The real premise for the Euro was the decision to complete the internal market through the first revision oft he Rome Treaty, the Single European Act (SEA) of 1986, and its objective of completing this by 1 January 1993.

This set the real basis for developing the plan for the Euro launched by the Delors Committee, made up of members of the member states' central banks, in 1988. The first phase started in 1990, on the eve of the Intergovernmental Conference (IGC), which lead to the Maastricht Treaty and to the inclusion within it of the subsequent steps. The last phase is now at hand. The Maastricht Treaty fixed the dates, the exact procedures, and the institutional mechanisms, but was more vague with regard to its aftermath. As a consequence, the 'Pact for Stability and Growth' had to be approved in Amsterdam in July 1997. Nevertheless, the institutional framework of the Euro can be considered to be very effective and sophisticated in as much as we are now on the eve of the final decision.

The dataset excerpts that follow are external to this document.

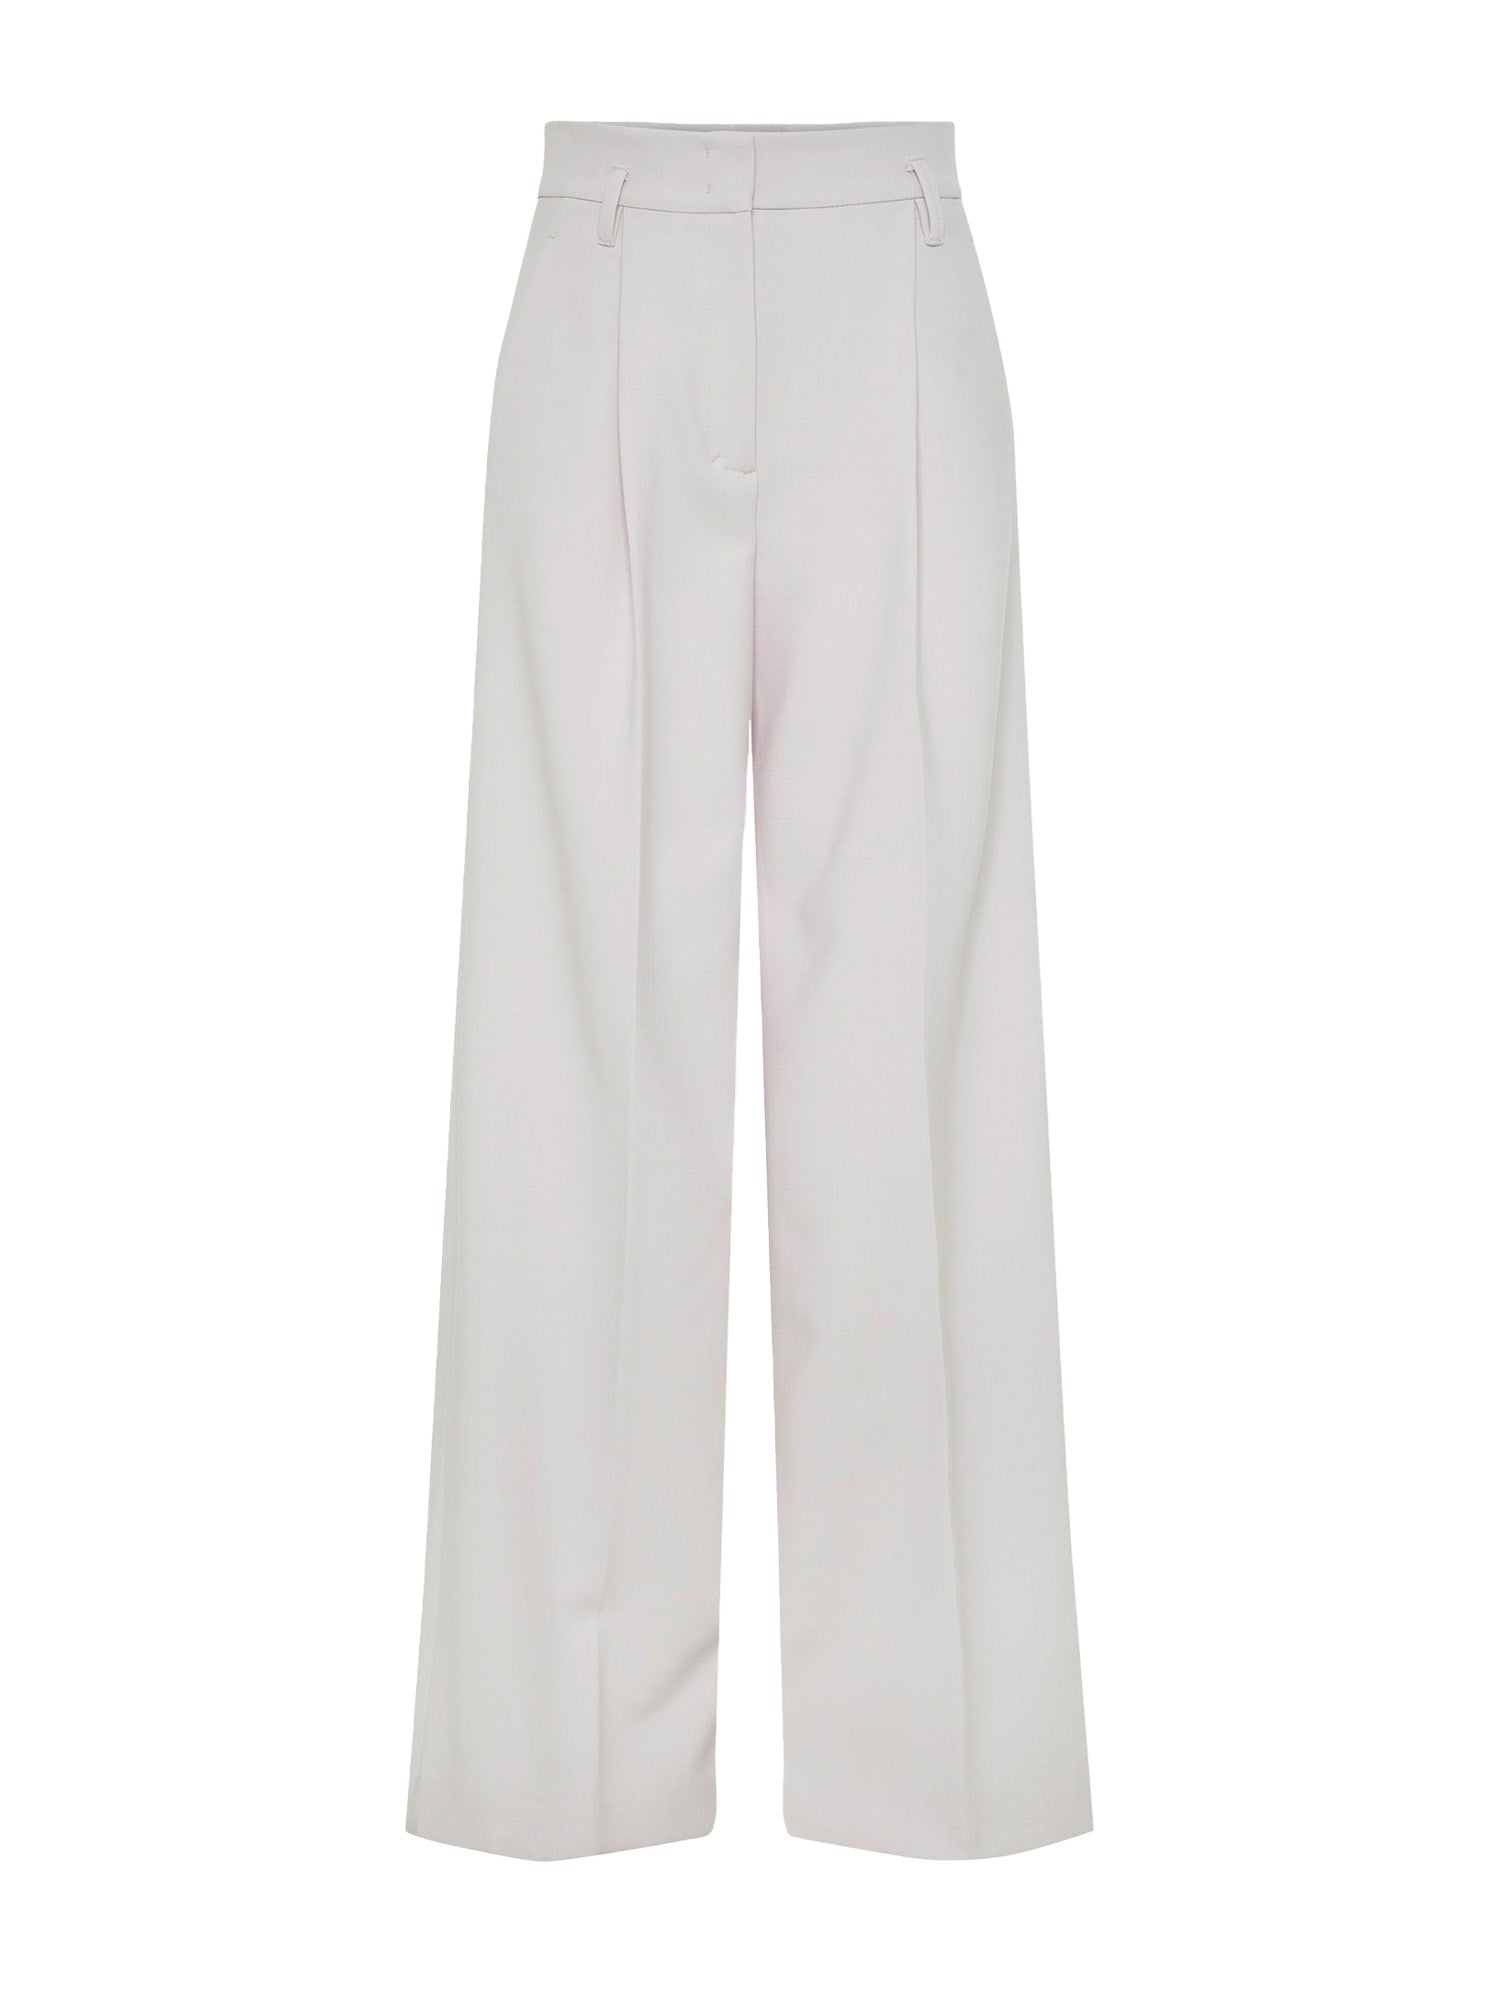 Dorothee Schumacher Refreshing Ambition Wide Pants
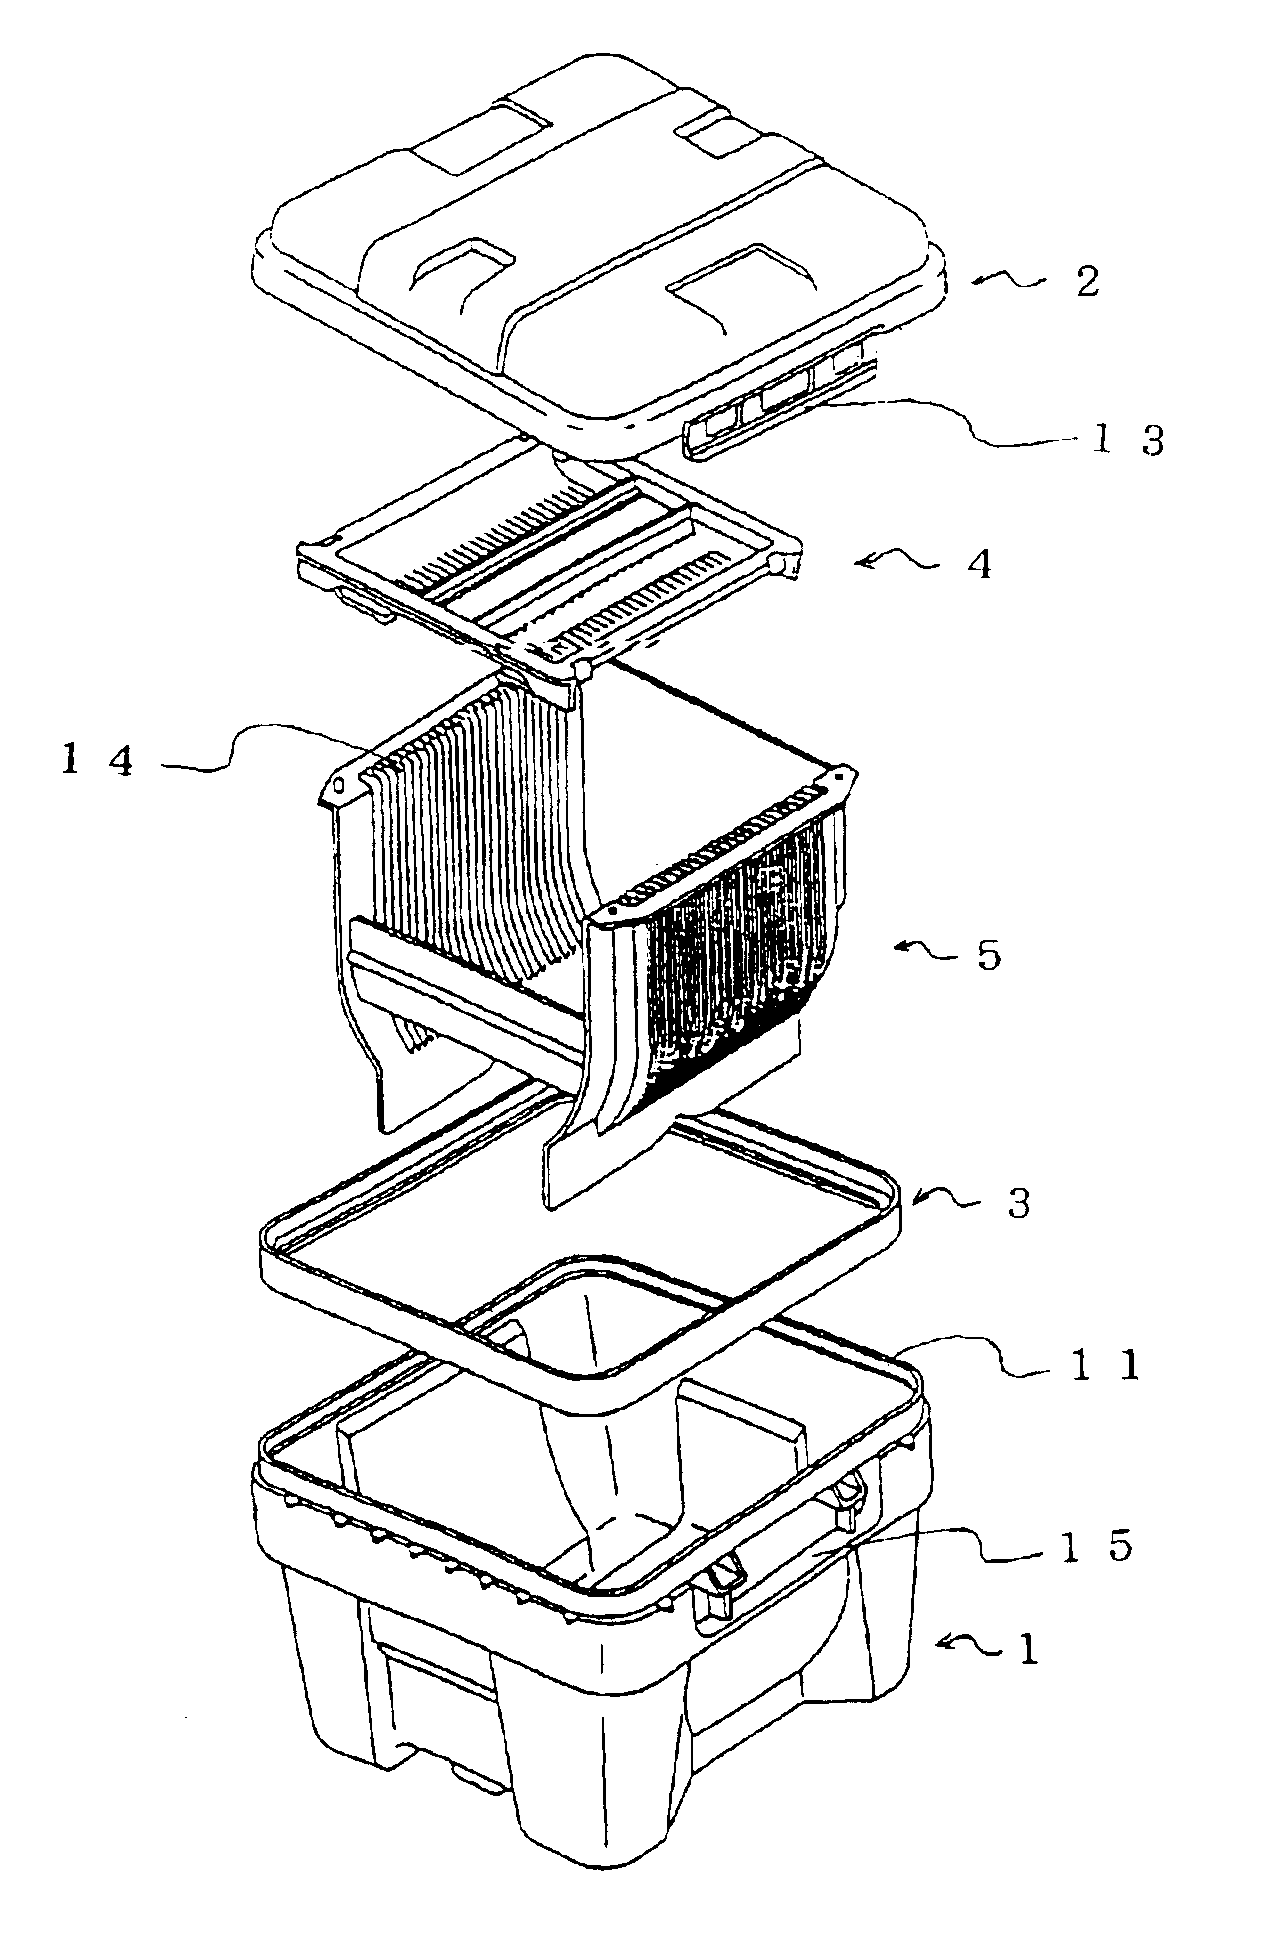 Gaskets for substrate containers
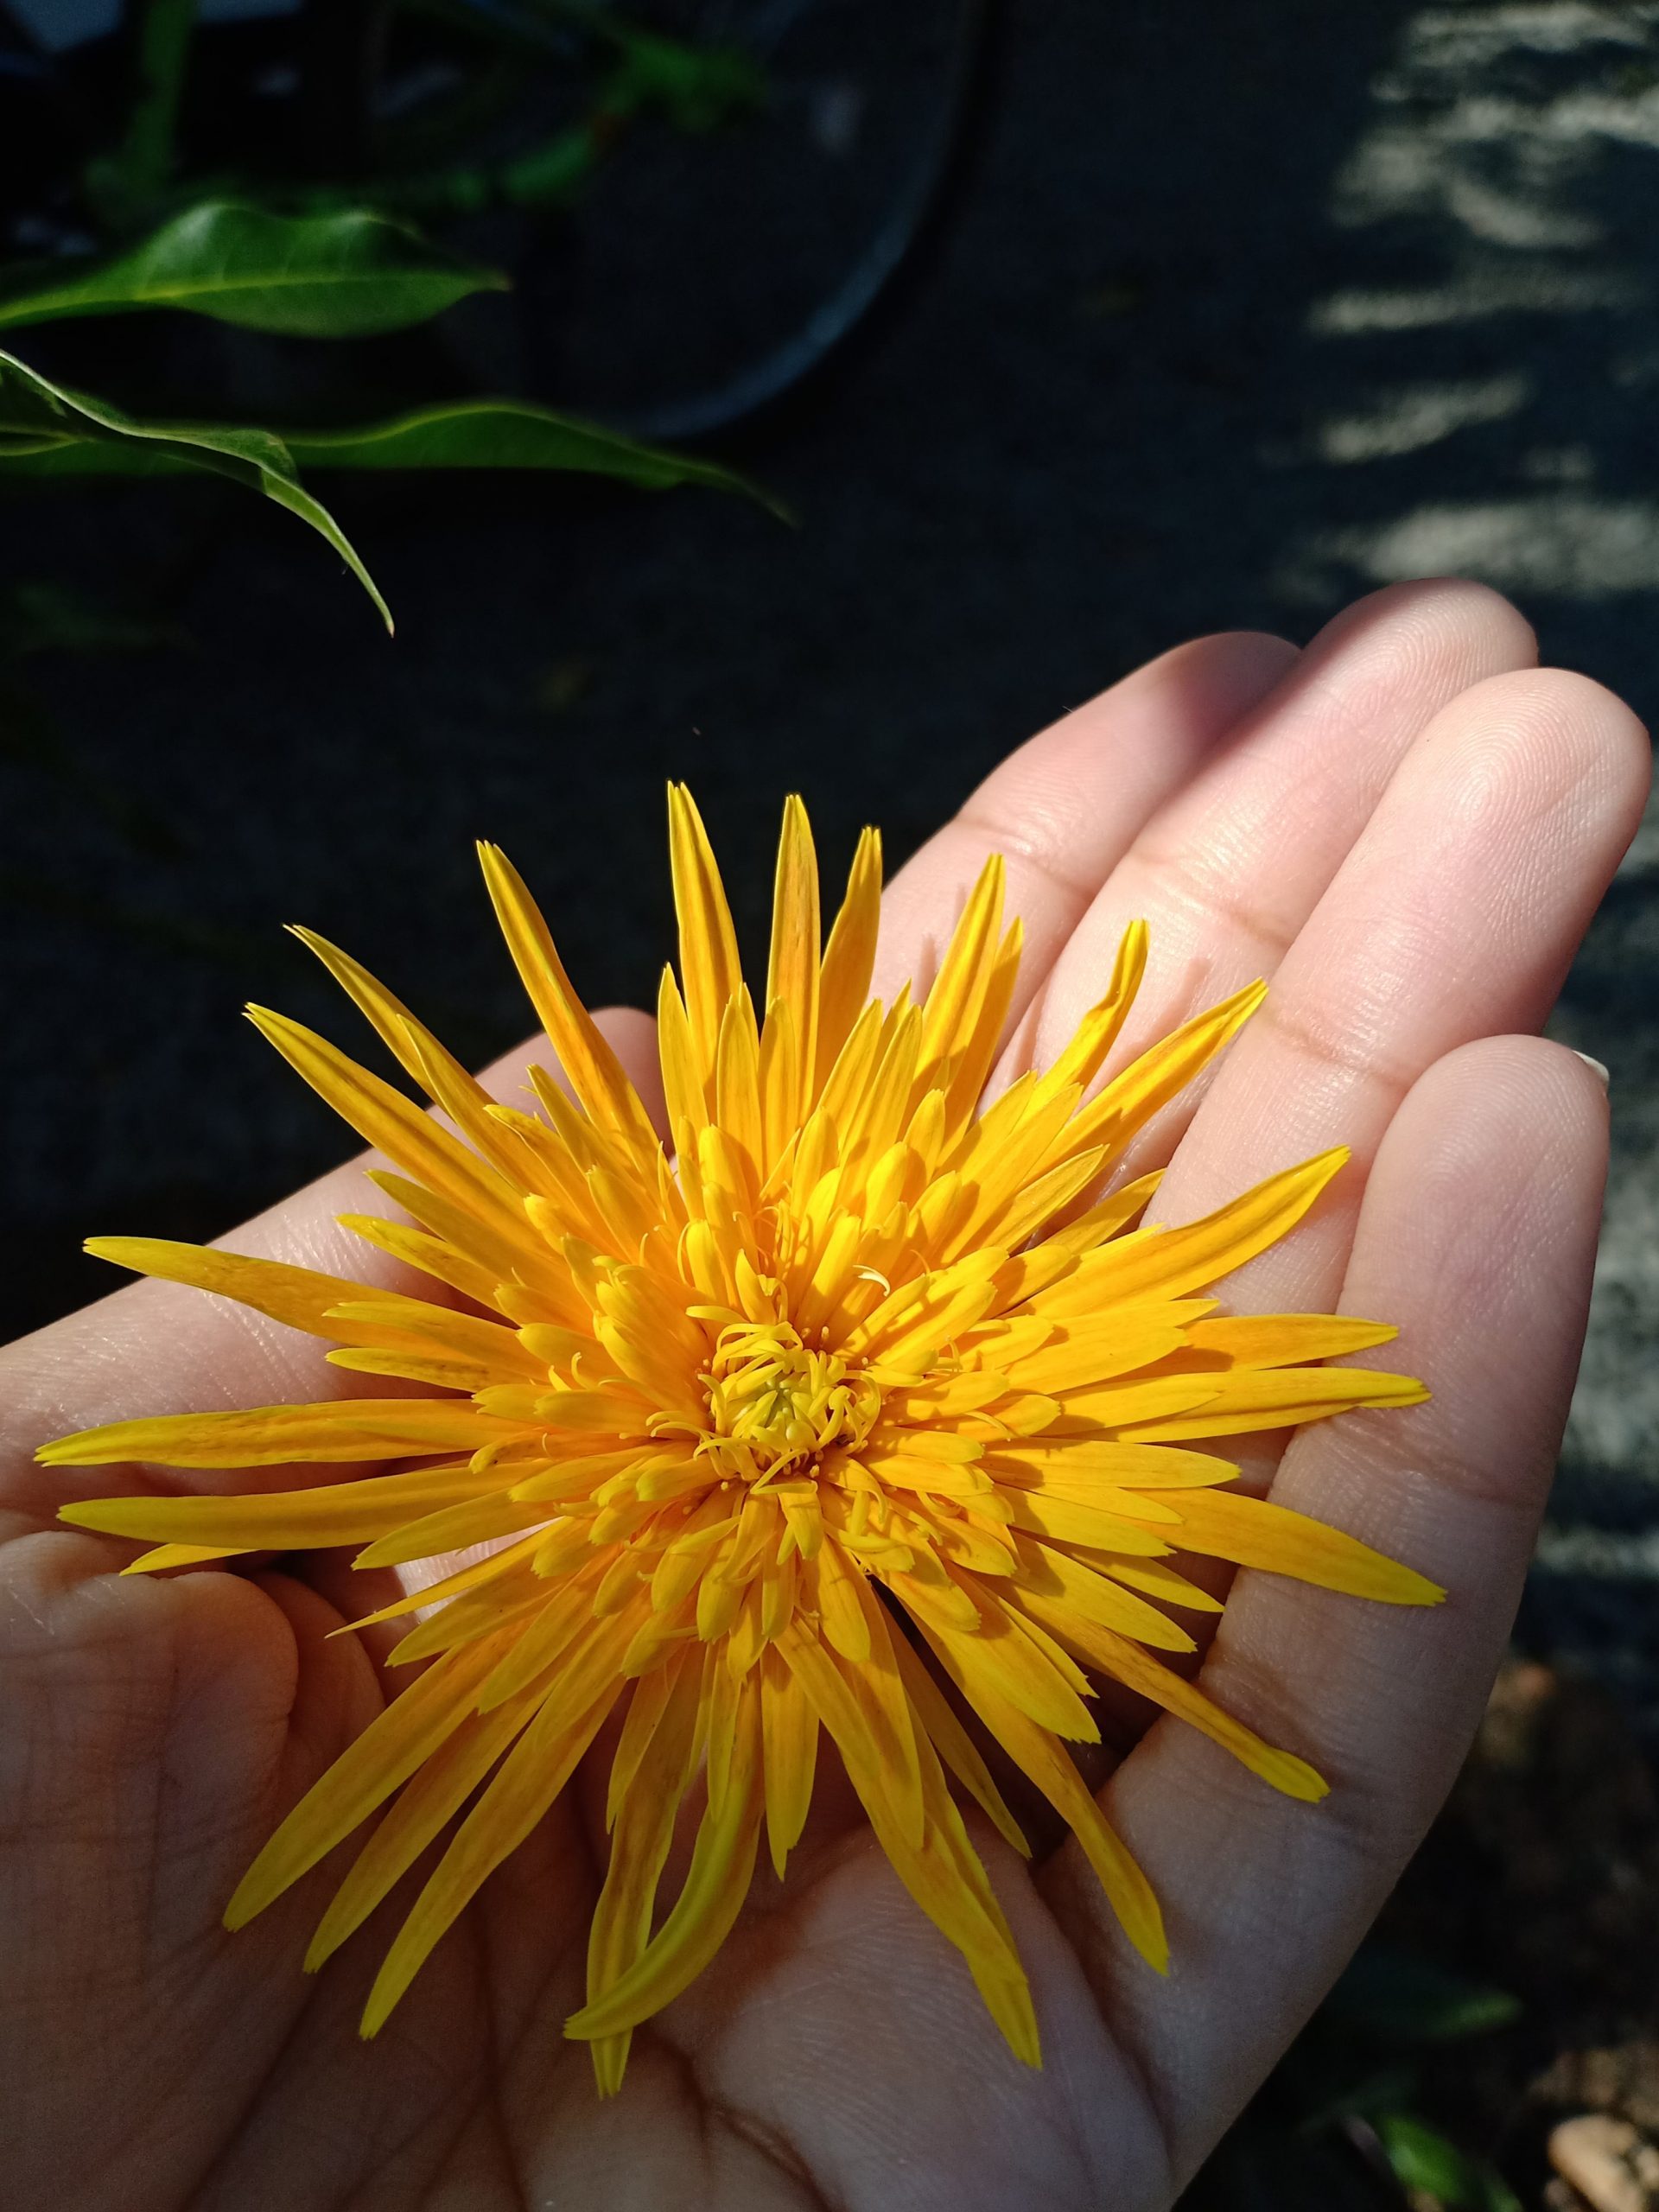 A flower in hand

These brief considerations of history demonstrate the conceptual strength and the technical seriousness by which the whole single currency project has been carried out. Comparing, for example, the specific section of the Maastricht Treaty and the annexed Protocol related to the European Central Bank (ECB) with the section relative to the Common Foreign and Security Policy (CFSP) and the annexed Declaration on the Western European Union (WEU), one notes, however, the abyss which lies between the launch of the Euro and the CFSP, in terms of both the maturation of their ideas and their institutionalization.

Clearly, in the end, the decision taken between the end of March and the end of May is again an essentially political decision, as it has been in the past (as with the EMS in 1979). But this time there is less room for maneuvering because there are the 'objective' criteria on which the decision is being made, as well as the qualified majority voting that must be respected (i.e. one country voting in the negative cannot block the decision). Finally, because the project has gained inertia from the preceding two stages of Economic and Monetary Union (EMU) it is difficult to alter or rethink the mechanism. As a result, all countries have tacitly suggested that if the launching of the Euro were set back it would mean abandoning the project altogether.

Despite this there are still numerous forces working against the Euro. On few previous occasions have the decisions of the European governing 'elite' met with so little enthusiasm among the people. The lack of an ideal, long-term end-state in contrast to the concrete short-term advantages which have been focused upon by member governments has rendered the whole project barren: thus it has been suggested that the Euro is being born without a 'soul'. This is most unfortunate, however, because this project has such a great historical importance.

The macroeconomic convergence criteria of Maastricht have become, in the rhetorical arguments of many European leaders -especially the Germans, an 'ideological substitute' as against the deep values of European integration. As such, the Euro comes to be seen as a result of the plans of merchants and bankers, as a technocratic project: by definition a project distant from the interests of the normal citizen.

Added to this, the idea that Europe does not function well in other sectors of activity has been gaining ground, starting from the CFSP area which was once seen in the collective imagination as a tool for bringing peace to the crisis areas nearest to Europe. Instead, from Bosnia to Algeria, there remain signs of internal division and impotence. This is the horizontal link between the Euro and CFSP, which further weakens the perception of the former project.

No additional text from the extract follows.